The RiskIQ API follows the principles and guidelines of REST and sample code in Python, Ruby, cURL and Rust is provided.
IBM X-Force Exchange
IBM X-Force Exchange is a cloud based threat intelligence sharing platform that allows you to gather data from the latest global security events, aggregate actionable intelligence, and collaborate with other interested parties through their community offering. X-Force Exchange was originally created by ISS (Internet Security Systems) in 1996 and was bought by IBM in 2006.
X-Force Exchange is free to use via the web interface as well as through the API for up to 5,000 records per month. For users who require more record searches, there is a commercial license available for $2,000 per user per 10,000 records per month.
X-Force Exchange offers intelligence on:
- IP and URL reputation
- web applications
Users can then enhance their security insights with machine-generated intelligence and curated human-generated insights from IBM X-Force researchers available via public case file collections on the latest malware campaigns and threats. The quality of the data obtained is very in depth and allows you to pivot to other information with ease. Users can enhance their security insights with machine generated threat intelligence through the X-Force Exchange to then cross correlate the data against relevant sources.

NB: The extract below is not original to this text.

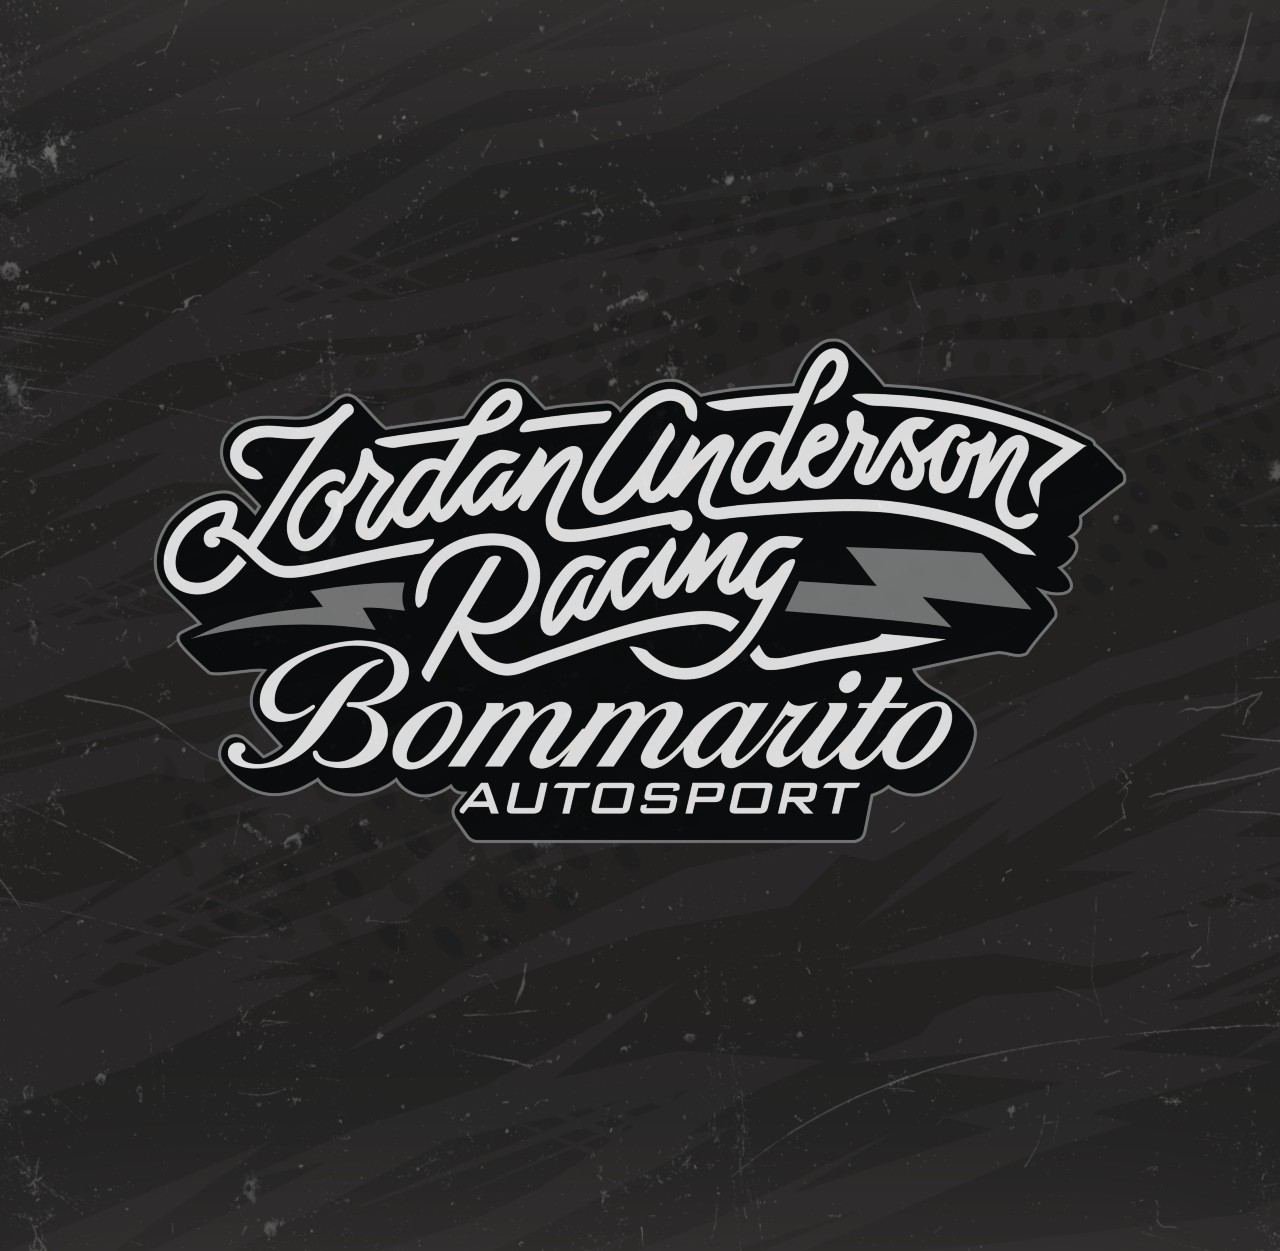 Jordan Anderson Racing Bommarito Autosport Adds to Team Ahead of 2024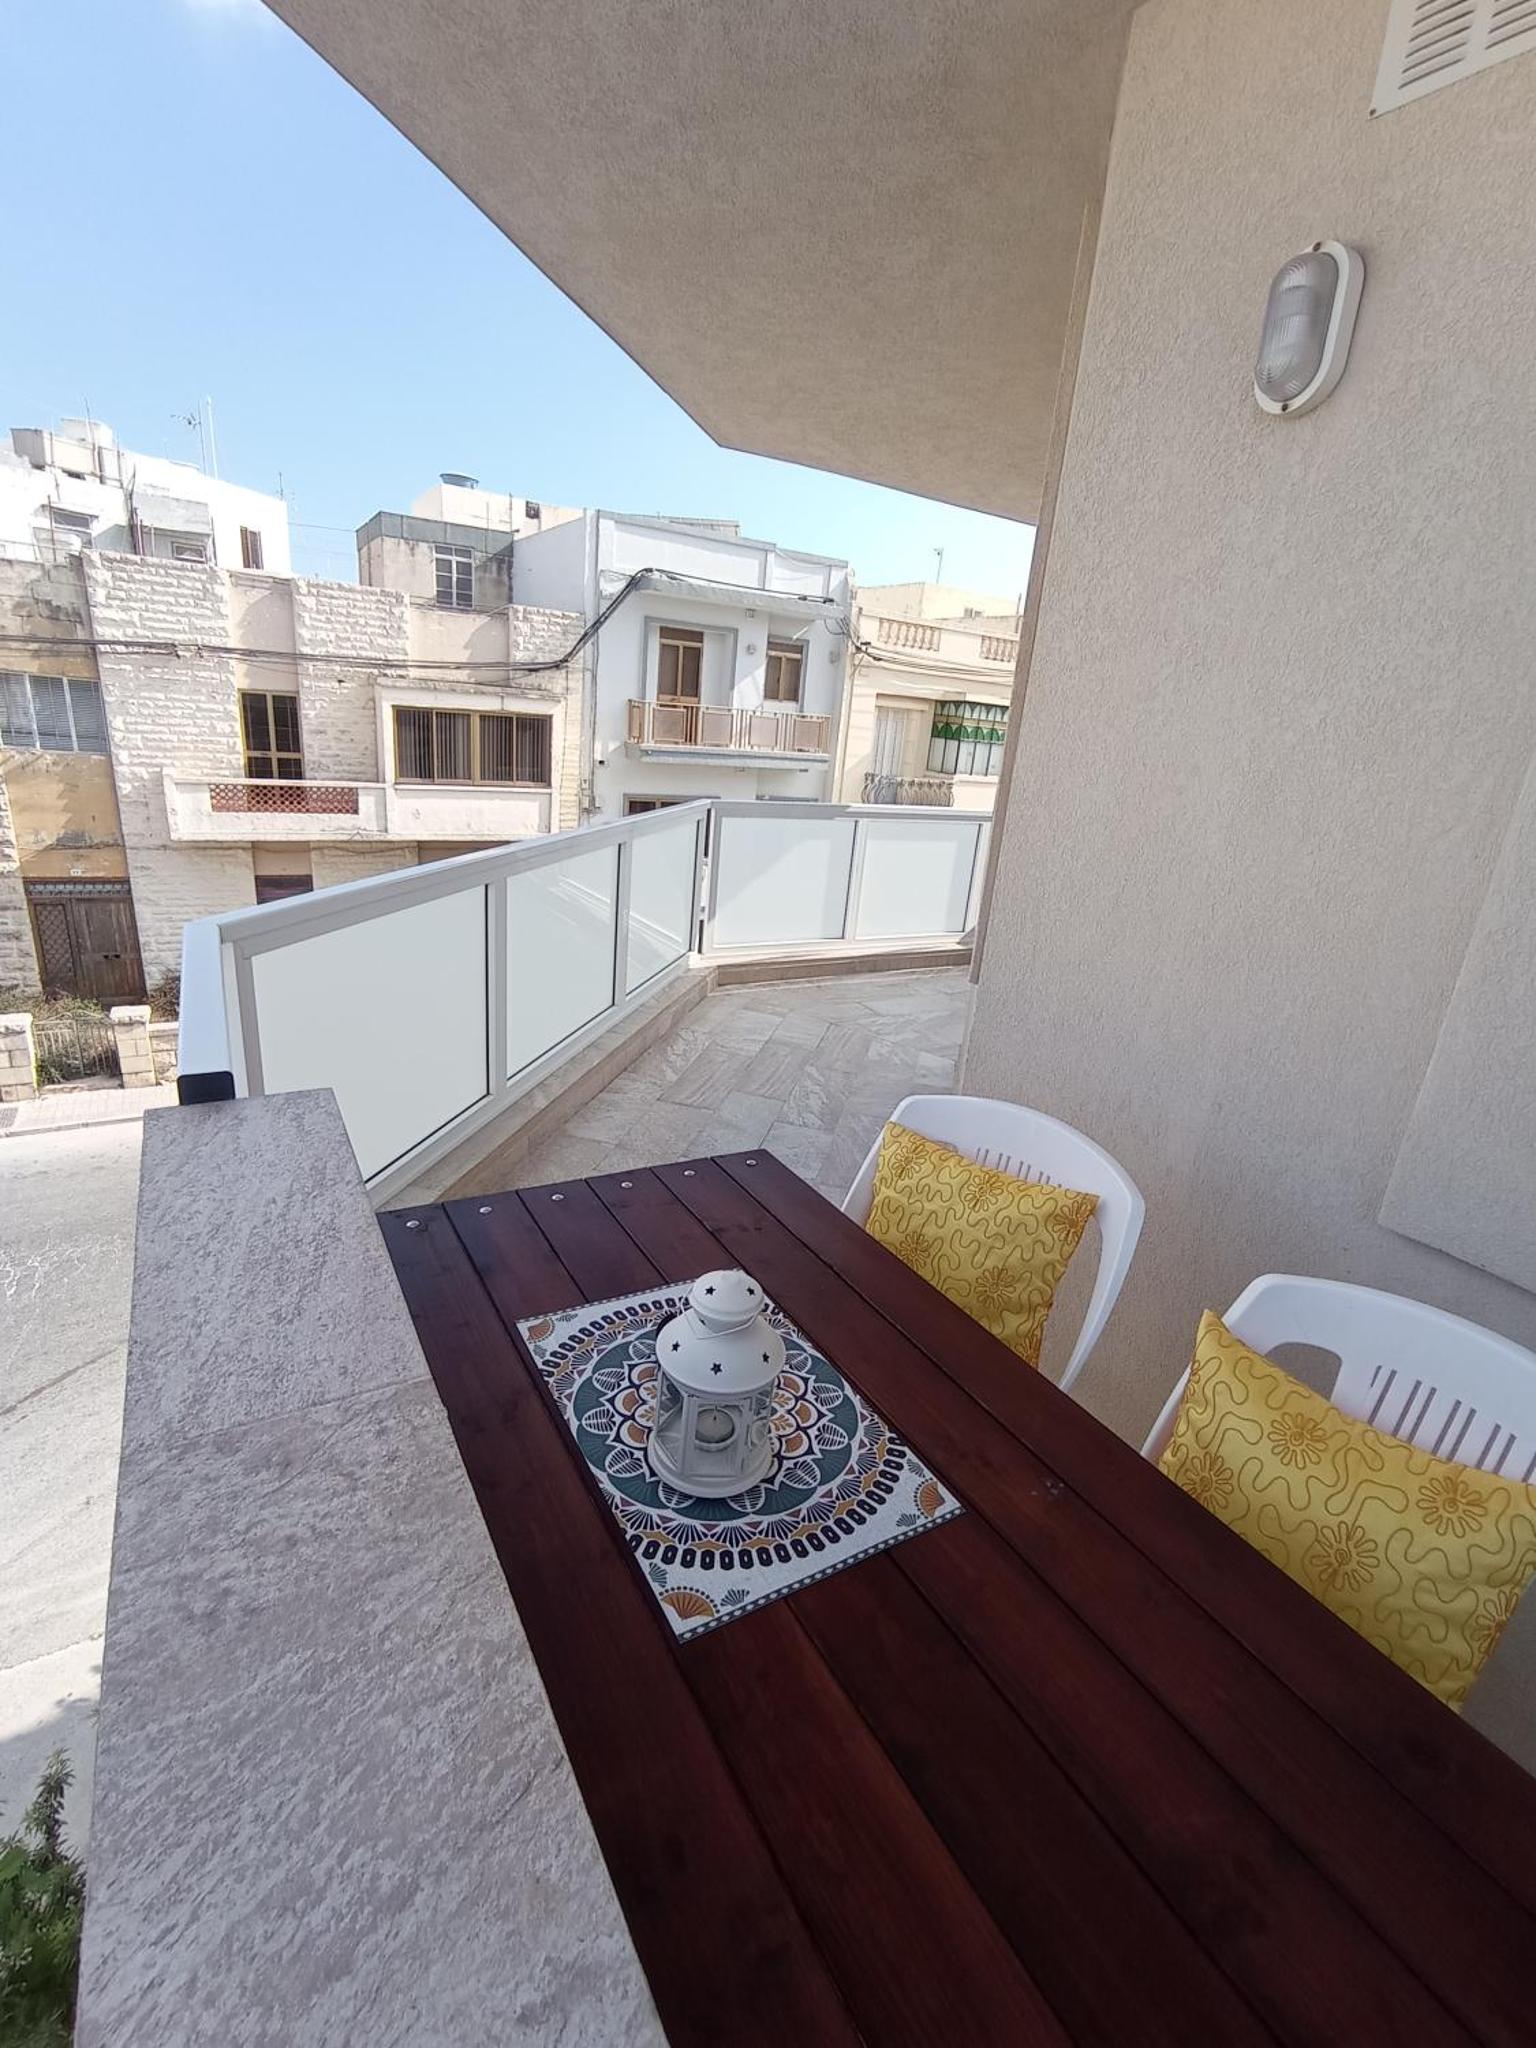 Joseph 2, Stylish and bright 2 bedroom flat with corner terrace

The documentation on X-Force Exchange (https://api.xforce.ibmcloud.com/doc/) follows the principles and guidelines of REST and can be utilised with the free tier product. The documentation has a lot of great use cases to utilise as templates and build your own API queries from.
Other data sources
Below are a few data sources that did not make the list, but they are other excellent data sources that are worth a look due to the richness of data they offer.
- Farsight (DNSDB)
It isn’t easy to compare each of the services directly as they all focus on unique points of data for Threat Intelligence. For your Threat Intelligence operations, the decision on which ones to use greatly depends on the information you want to gather and in which method you want to gather that information. When SpiderFoot users ask us which APIs they should subscribe to for use in SpiderFoot, we generally recommend these. By utilising these data sources in this way, you will be able to gather all of the information you want into one dashboard for easy navigation, analysis and reporting.